«Гитлер с покрасневшим от гнева лицом, с поднятыми кулаками стоял передо мной, трясясь от ярости всем телом и совершенно утратив самообладание. После каждой вспышки гнева он начинал бегать взад и вперед по ковру, останавливался передо мной, почти вплотную лицом к лицу, и бросал мне очередной упрек. При этом он так кричал, что глаза его вылезали из орбит, вены на висках синели и вздувались».
А вот описание реакции Гитлера на покушение 20 июля 1944 года, данное генералом фон Хольтицем: «Я стал свидетелем взрыва души, исполненной ненависти… Он сам себя вгонял в бессмысленное возбуждение, изо рта его буквально шла пена, все тело его тряслось так, что письменный стол, за который он ухватился, также пришел в движение. Он обливался потом, и его возбуждение еще более возросло, когда он орал, что «эти генералы будут болтаться на виселице». И здесь я со всей определенностью понял: передо мной помешанный».
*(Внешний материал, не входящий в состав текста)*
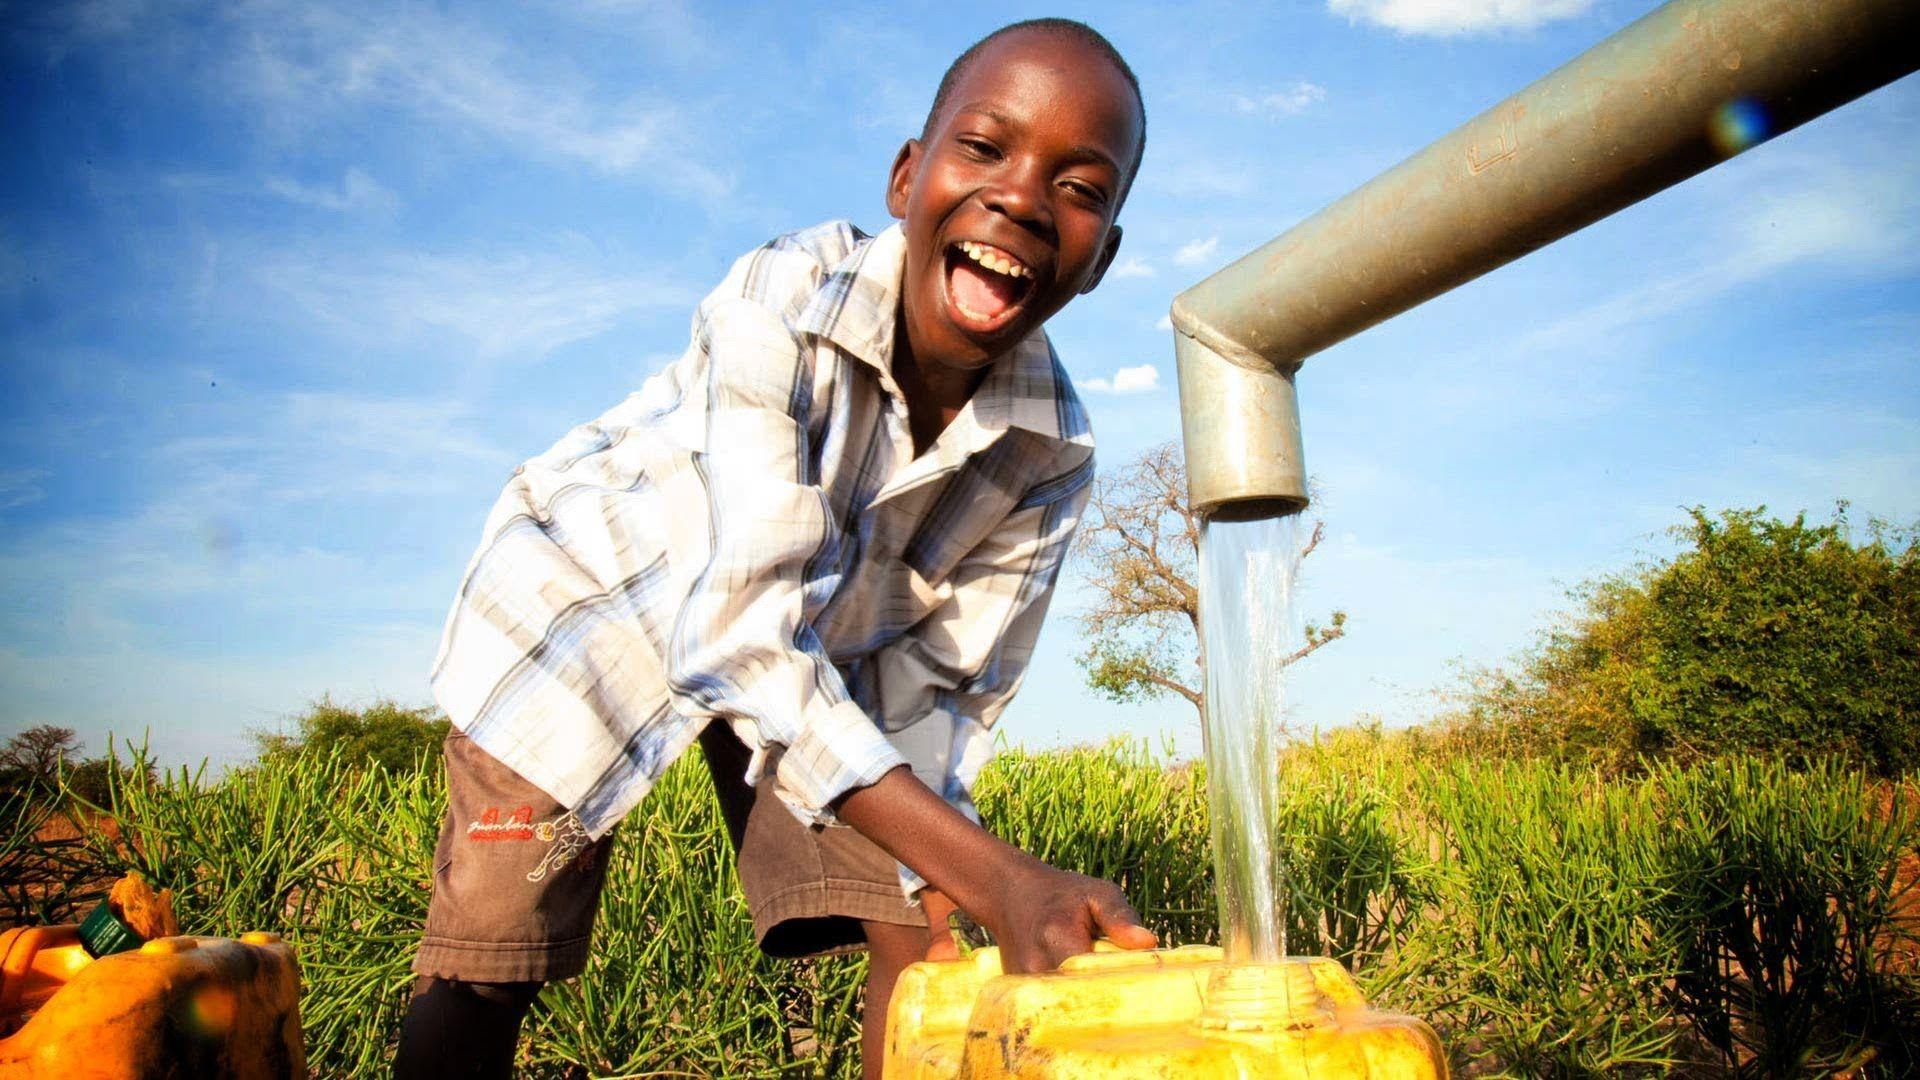 Session 8: World Vision: Every Child Deserves Clean Water | Clean water,  World vision, Drinking water

Риббентроп описывает целый ряд ситуаций, когда вспышки ярости фюрера ставили под угрозу достижение важных внешнеполитических целей:
«Он мог приходить в слепую ярость и не всегда умел владеть собой. Это проявлялось порой по дипломатическим поводам. Так, в Годесберге, когда пришло известие о мобилизации в Чехословакии, он уже был готов прервать совещание с Чемберленом и вдруг вскочил с покрасневшим лицом – признак его необузданного гнева. Я вмешался с целью успокоить его, и Гитлер потом благодарил меня за то, что этим я спас конференцию. И во время переговоров с Франко в Андее он тоже вскочил в возбуждении с места, когда [министр иностранных дел] Серано Сунье довольно неудачно встрял в беседу. То же самое было и с [английским послом в Германии] Гендерсоном во время польского кризиса, когда тот своей бесцеремонностью (он стукнул ладонью по столу) возмутил Гитлера. Фюрер опять побагровел, и я уже видел надвигающуюся катастрофу, но и на этот раз мне удачно заданным вопросом удалось переключить его внимание на другую тему. Потом Гитлер сказал Гессу, что уже готов был вышвырнуть Гендерсона за дверь. Такие ситуации за все эти годы возникали не раз… После одного такого инцидента… он откровенно сказал мне: «Знаете ли, Риббентроп, иногда я совсем не могу совладать с собой!»
В 1942 году Риббентропу тоже посчастливилось узреть фюрера «во всей красе»:
«Адольф Гитлер пришел… в такое сильное возбуждение, в каком я его еще никогда не видел. Когда я вознамерился выйти из кабинета, он в резких выражениях бросил мне упрек, что, постоянно противореча ему, я совершаю преступление, ибо этим подрываю его здоровье. Он выкрикнул это обвинение с таким ожесточением, что оно глубоко потрясло меня и заставило в тот момент опасаться, как бы с ним не случилось какого-нибудь припадка». Заметим, что мотив «угрозы здоровью» тоже очень характерен для рассматриваемой патологии.
Психиатры связывают агрессивность и ярость с подсознательным страхом крушения хрупкой конструкции «грандиозность – неполноценность», лежащей в основе нарциссизма. Поэтому у нарциссических личностей ярость часто является реакцией на критику. Хотя никому в Третьем рейхе не позволялось критиковать фюрера, известно, что Гитлер до своего прихода к власти был весьма чувствителен к критике со стороны немецкой прессы, а до начала войны – прессы зарубежной. Очень остро реагировал он и на несогласие со стороны сподвижников, которое расценивал как предательство. Так, в 1933 году, когда недавний «соратник по борьбе» Штрассер отказался поддерживать Гитлера, у последнего это вызвало дикую вспышку гнева. По некоторым свидетельствам, глава НСДАП в ярости катался по полу и грыз ковер. Рассказывают, что Геринг по этому поводу заметил: «Все мы знаем, что Адольф – вегетарианец, но никогда не думали, что в его меню входят ковры». Впрочем, возможно, это – всего лишь еще один миф.
Еще один признак нарциссизма – это отсутствие эмпатии, то есть способности к сопереживанию. Гитлер в течение всей жизни избегал нормального человеческого сближения с кем-либо, его личная сфера оставалась совершенно закрытой даже для ближайших соратников.